In the case of RAID 5, the data management section manages a set of the stripe data as a chunk structure, and performs control for: determining a storage device in charge of storing parity bits (storage device in charge of parity bits) on the basis of the information indicating the ordinal number of a target chunk structure in the order of the chunk structures; generating parity bits from the stripe data of the storage devices other than the storage device in charge of parity bits; storing only the parity bits in the storage device in charge of parity bits; and storing, in each of the storage devices other than the storage device in charge of parity bits, the stripe data of the length determined according to the capacity of each of the storage devices. At this time, when the process, in which each of the plurality of storage devices becomes in charge of parity bits once, is set as one cycle, the data management section performs management so that the total length of the stripe structure data other than the parity bits in all the chunk structures included in the one cycle is the same between the cycles.
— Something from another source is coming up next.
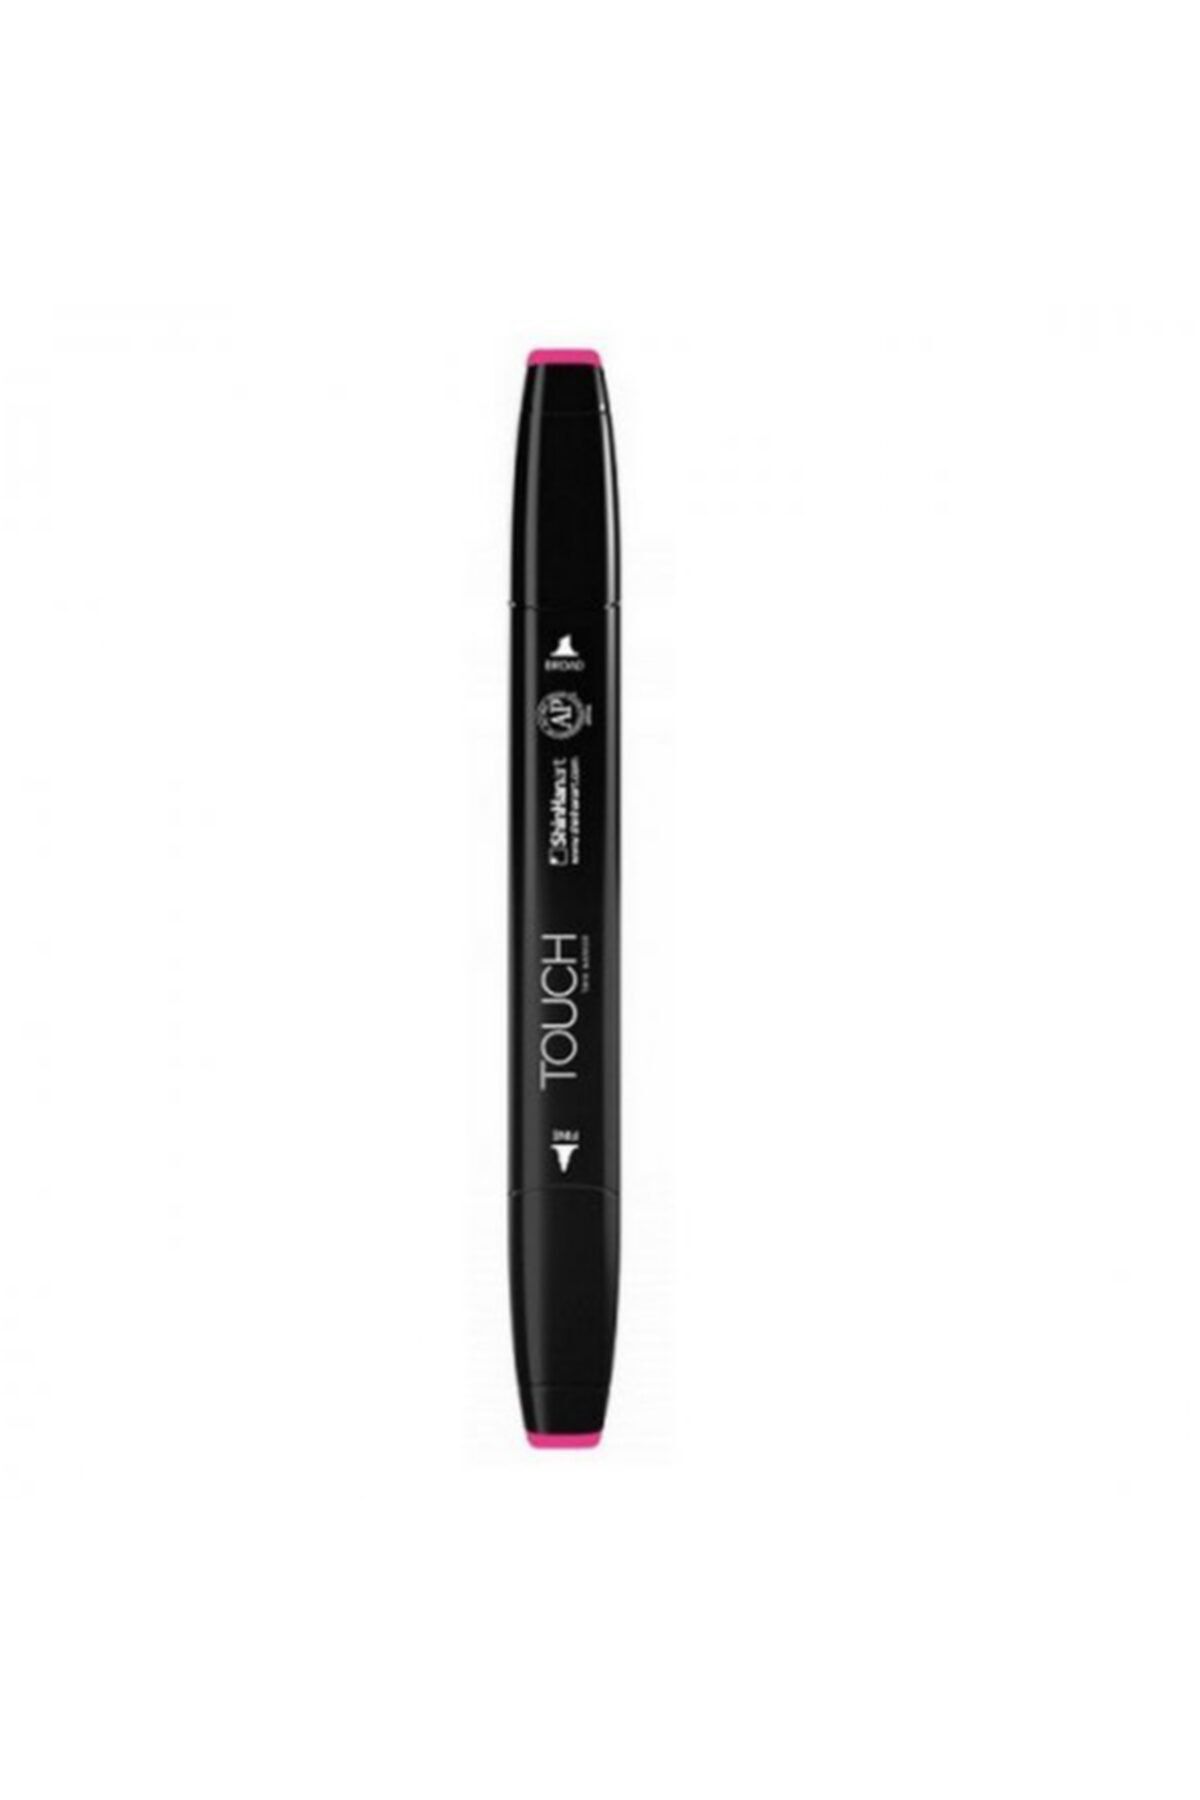 Ponart Touch Twin Rp291 Primary Magenta Marker Sh1110291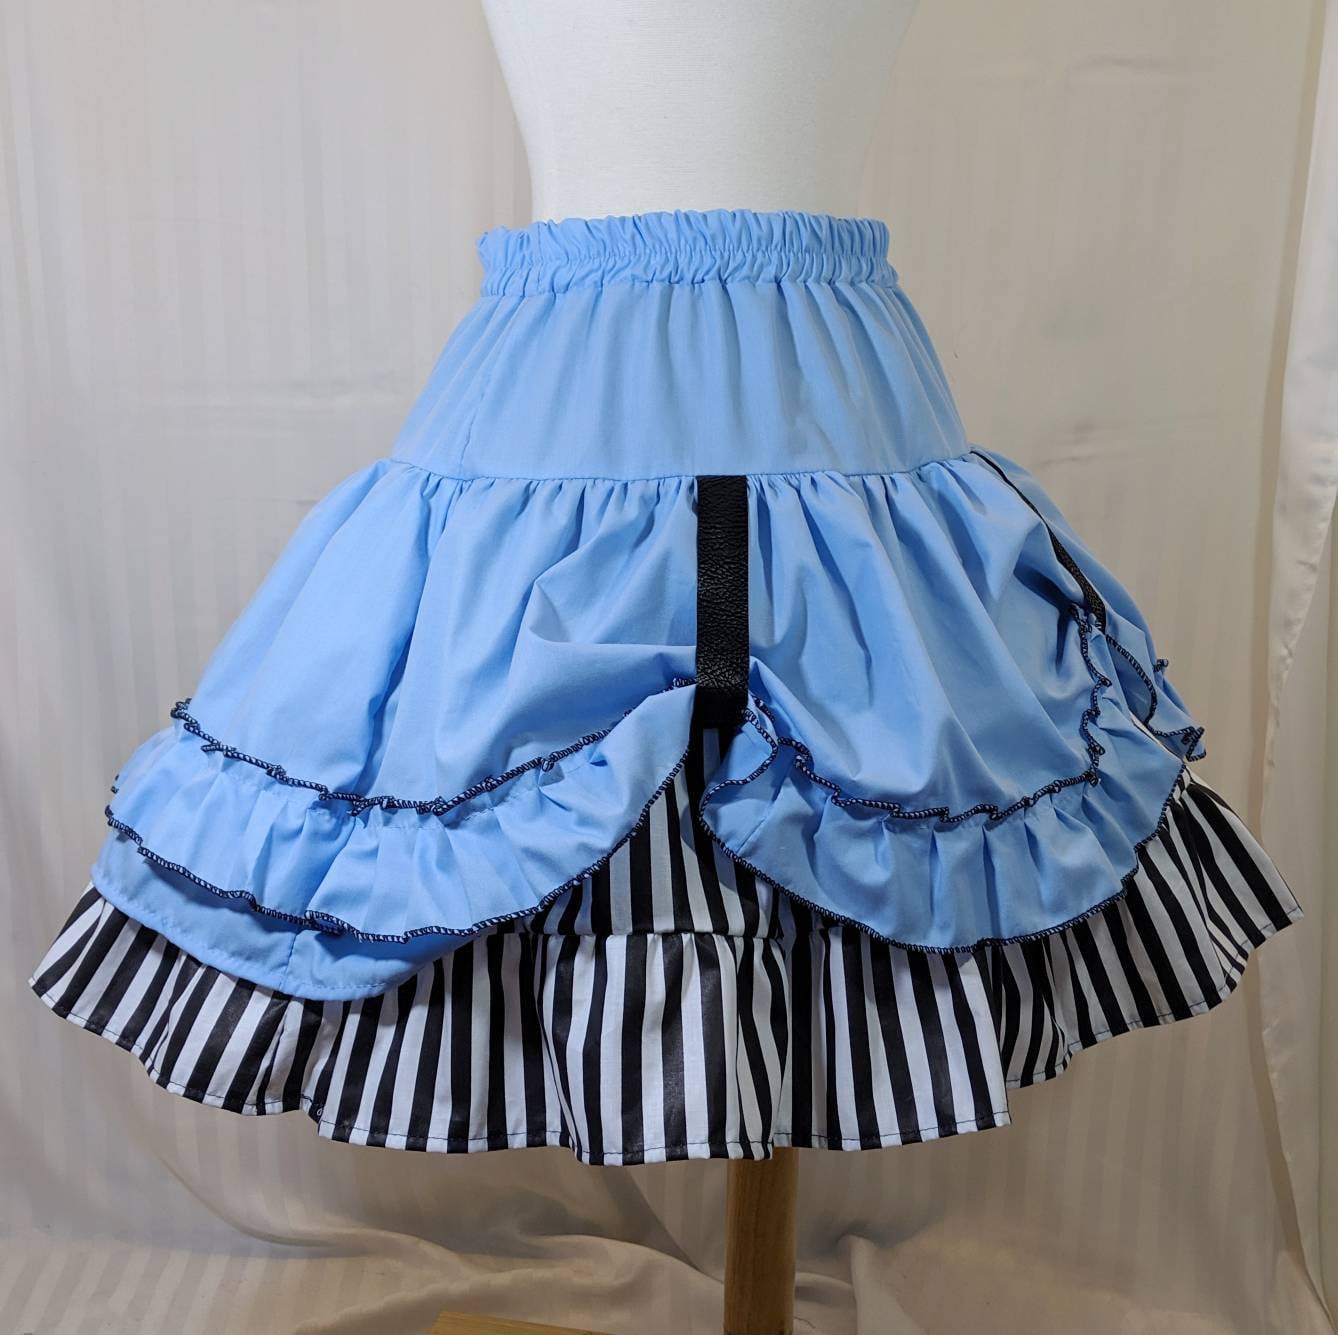 NEW adult Black white Red Pinstriped Frilly Skirt Gothic rock,lolita  All sizes

When an access request is received from the host apparatus (in the case of RAID 5), the data management section first divides a request LBA (LBA in the virtual disk space) included in the access request by the total length of the stripe data in all the chunk structures included in one cycle, to thereby calculate the ordinal number of the cycle corresponding to the position of the request LBA. Next, the data management section calculates a first offset which is a distance from the head of the corresponding cycle to the request LBA. Then, on the basis of the first offset and the length information of each of the chunk structures included in the corresponding cycle, the data management section specifies a head chunk structure which is a chunk structure including the position of the request LBA. Further, on the basis of the request LBA, the head chunk structure, and the stripe structure data length information included in the head chunk structure, the data management section calculates a second offset which is a distance from the starting position of the head chunk structure to the request LBA, and thereby specifies a storage device (access start storage device) which is to start to be accessed. Finally, the data management section specifies an access start LBA (LBA in the real disk space) in the access start storage device on the basis of the chunk structure position information indicating the ordinal number of the head chunk structure in the order of the chunk structures, the information on the access start storage device, the stripe structure data length of the access start storage device, and the information on the number of times when the access start storage device has been in charge of parity bits.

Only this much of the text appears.